FTS5 gives you BM25 relevance ranking, porter stemming, prefix queries, phrase matching, and boolean operators — built into SQLite, not a separate library. a mandex .db file is queryable with any SQLite client in any language. Python’s sqlite3, Rust’s rusqlite, the sqlite3 CLI.

there’s a nice side effect: if mandex as a project ceased to exist, every published package would still work. the files are standard SQLite databases. no proprietary encoding, no format-specific decoder. SQLite has backwards compatibility commitments through 2050.

download and sync

packages are compressed with zstd — documentation is highly compressible, so a 20MB package ships as 2-4MB. each download is an HTTP GET to a CDN edge node. no auth, no API server, no query processing.

packages live in a global cache (~/.mandex/cache/), shared across projects. two projects using react @19.1.0 download it once. same model as pnpm’s content-addressable store.

the per-project behavior comes from mx sync. it reads your dependency files — package.json, requirements.txt, Cargo.toml, pyproject.toml, go.mod — resolves each to a mandex package, downloads what’s missing, and writes a project-local manifest.

$ mx sync
  Reading package.json...
  Resolved 14 dependencies to mandex packages
  ↓ react @19.1.0          2.1 MB  [===========] done
  ↓ next @14.2.0           4.7 MB  [===========] done
  ↓ tailwindcss @4.1.0     1.8 MB  [===========] done
  ↓ tanstack-query @5.0   1.2 MB  [===========] done
  ... (10 more)
  Synced 14 packages in 1.4s

when mx search runs inside a project, it queries only the packages in that project’s manifest. 50 packages in your global cache, but a search in your Next.js project only hits the 14 that matter.

a note on sub-agents

search has a ceiling. FTS5 can surface the right sections, but it can’t synthesize across them — and for complex questions, the answer often lives across three or four entries.

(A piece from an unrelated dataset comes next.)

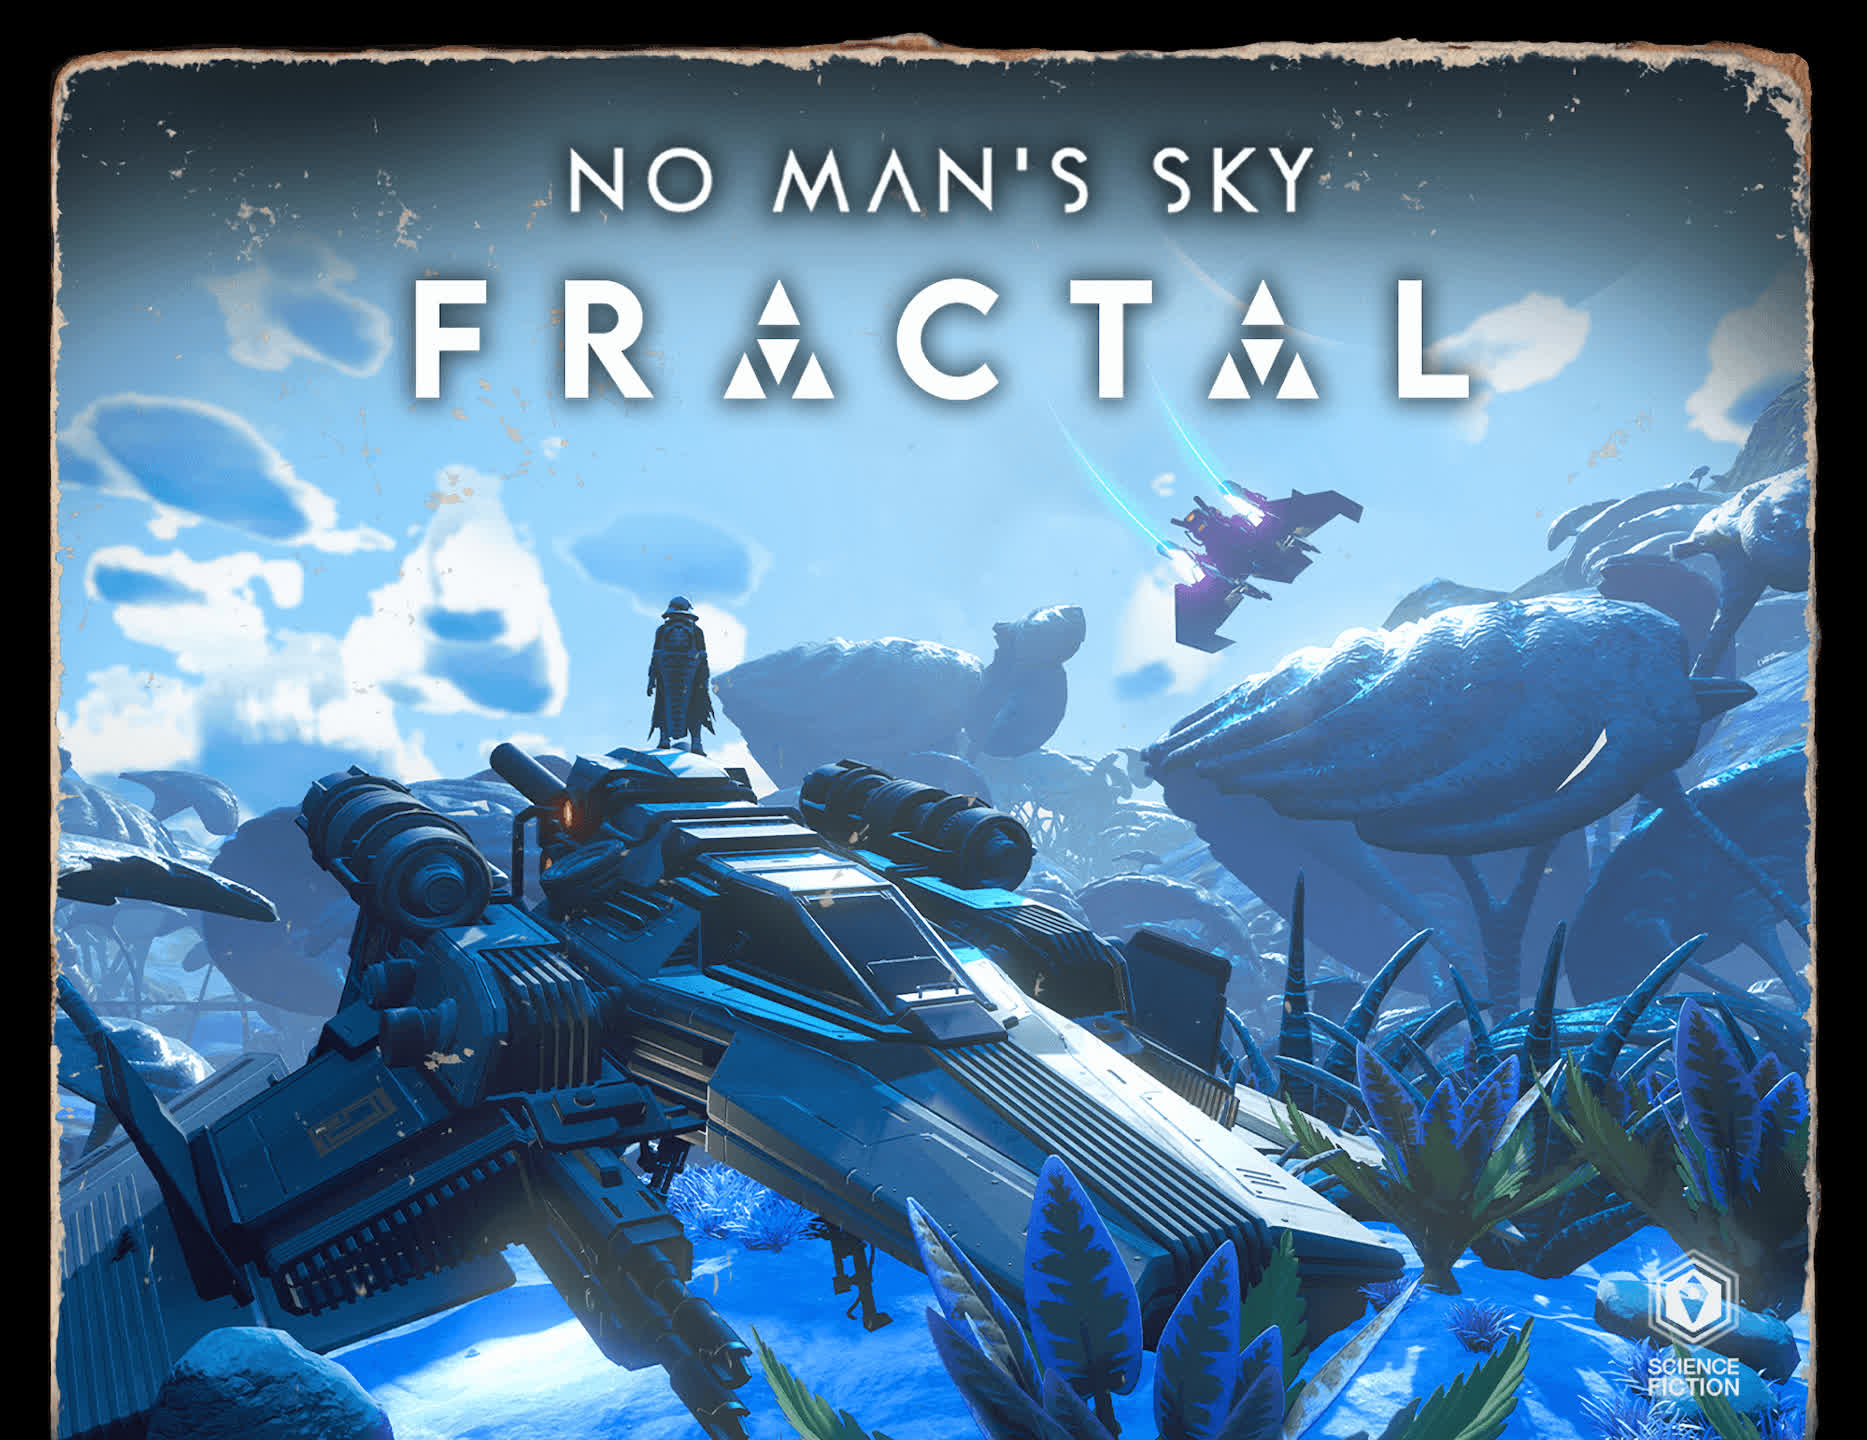 No Man's Sky Fractal update ushers in PS VR2 with a new expedition, visual improvements, and more

why not use better search? embedding models, rerankers, LLM-based query expansion would all beat BM25. but they need significant memory, compute, or an API key. a good embedding model takes 500MB of RAM. that’s not appropriate for a CLI tool that should start in 5ms.

sub-agents change this. Claude Code can run four or five mx search calls in parallel, read the results, and reason across them. the sub-agent does the synthesis; mandex provides the raw material. the LLM doing the synthesis is already running, already paid for, and already has the context to know which results matter.

this is why mandex doesn’t need perfect search ranking. even imperfect BM25 results over local, version-pinned documentation beat asking an agent to hallucinate from stale training data.

getting started

mandex is written in Rust. single static binary called mx.

curl -fsSL https://mandex.dev/install.sh | sh

the installer detects your platform, drops the binary in ~/.local/bin, configures your PATH, then runs mx init — which auto-detects your AI coding tools (Claude Code, Cursor, Windsurf, Codex) and installs skills for each one. one command, everything wired up.

cd your-project
mx sync               # installs docs for all detected dependencies
mx search nextjs "middleware"

the format is SQLite. the packages are portable. the source is open. everything works offline after the initial download.

agents need documentation to write correct code. the documentation exists. the missing piece was never the content — it was the distribution model. package it, version it, distribute it through infrastructure that scales to zero marginal cost. then let agents query it locally, as many times as they need, without asking anyone’s permission.